A Modular Algorithm Based on the Minimum-Cost-Path Problem for Optimizing LTC Operations in Photovoltaic Integrated Distribution Systems.

This paper presents a novel modular voltage control algorithm for optimal scheduling of a distribution system's load tap changers to minimize the number of tap changes while maintaining a voltage deviation (VD) around a desired target. To this end, a bi-objective optimal voltage regulation (OVR) problem is addressed in two distinct stages. First, the operational constraint on the load tap changer is removed to form a single-objective OVR problem relating to the voltage. The solution obtained in this stage is ultimately utilized to determine the penalty value assigned to the distance from the optimal (solely in terms of voltage) control value.

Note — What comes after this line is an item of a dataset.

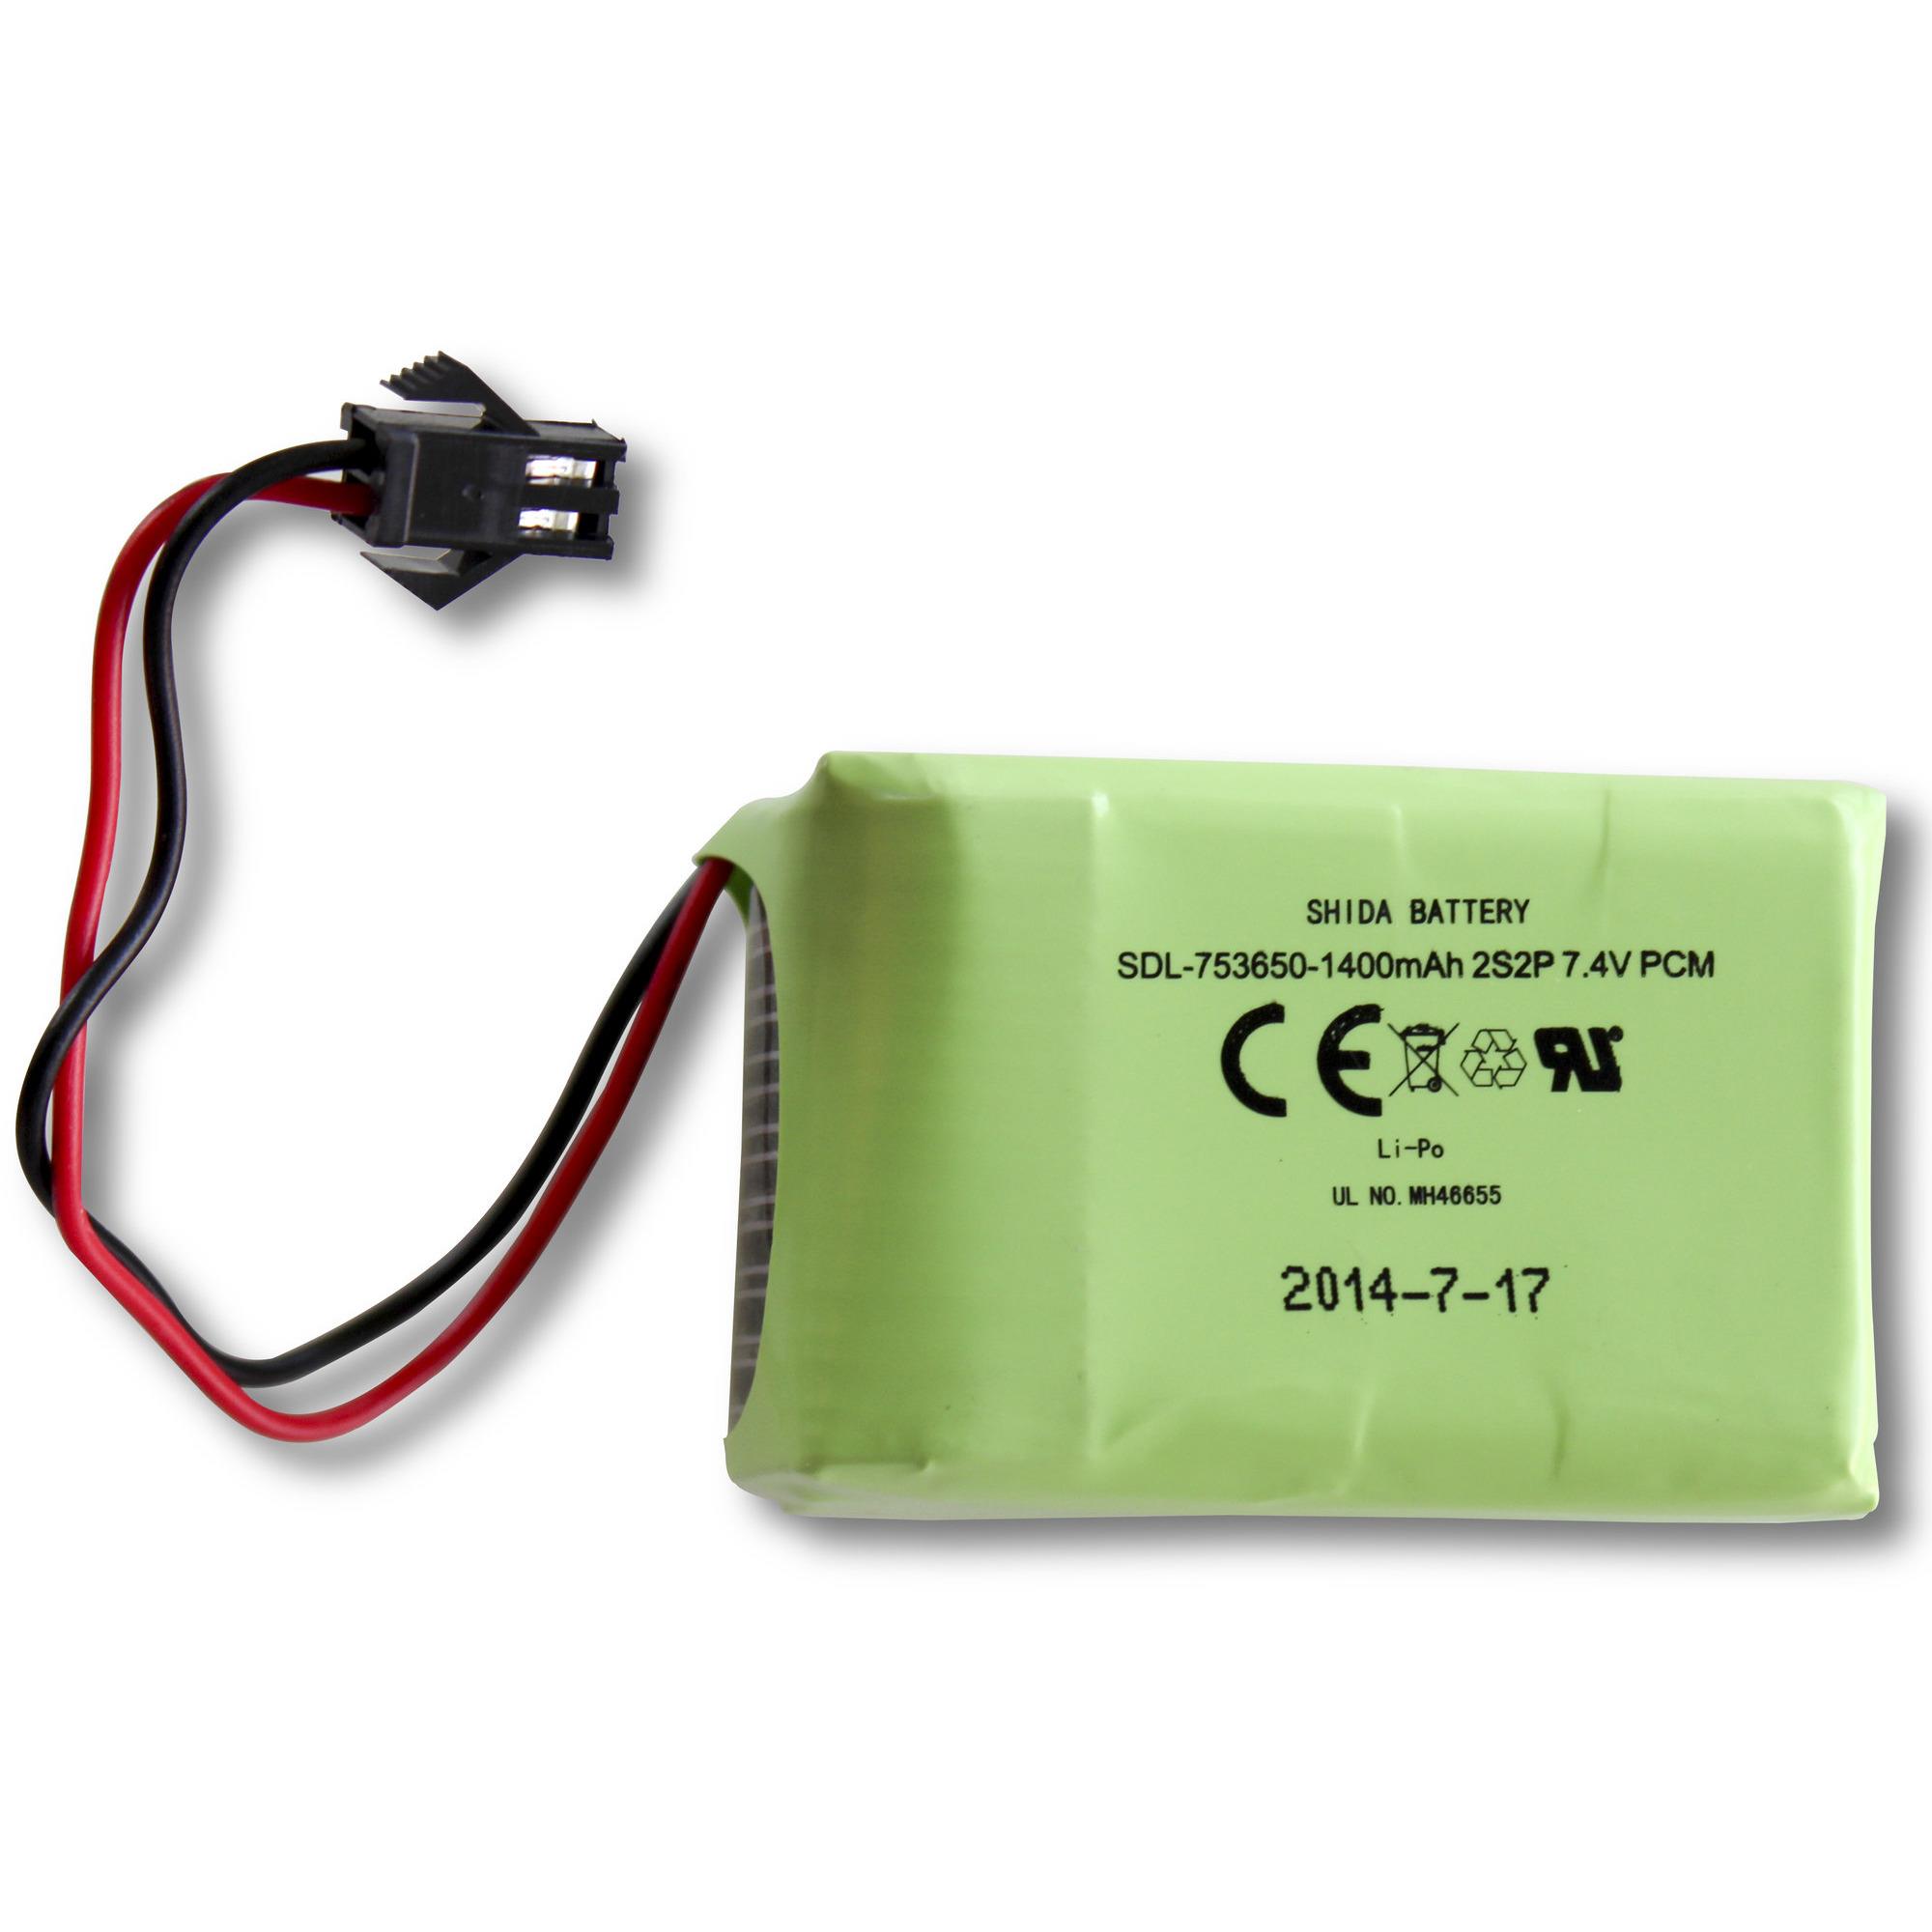 Grillbot EU-batteri

In the second stage, the optimal scheduling problem is formulated as a minimum-cost-path problem, which can be efficiently solved via dynamic programming. This approach allows the identification of optimal scheduling that considers both the voltage-related objective as well as the number of load tap changer switching operations with no added computational burden beyond that of a simple voltage optimization problem. The method imposes no restriction on the load tap changer's operation and is tested under two different target functions on the standard IEEE-123 test case. The first attains a nominal voltage with a 0.056 p.u. voltage deviation and the second is the well-known conservation voltage reduction (CVR) case with a 0.17 p.u. voltage deviation. The method is compared to an evolutionary-based algorithm and shows significant improvement in the voltage deviation by a factor of 3.5 as well as a computation time acceleration of two orders of magnitude. The paper demonstrates the effectiveness and potential of the proposed method as a key feature in future cutting-edge OVR methods. [ABSTRACT FROM AUTHOR]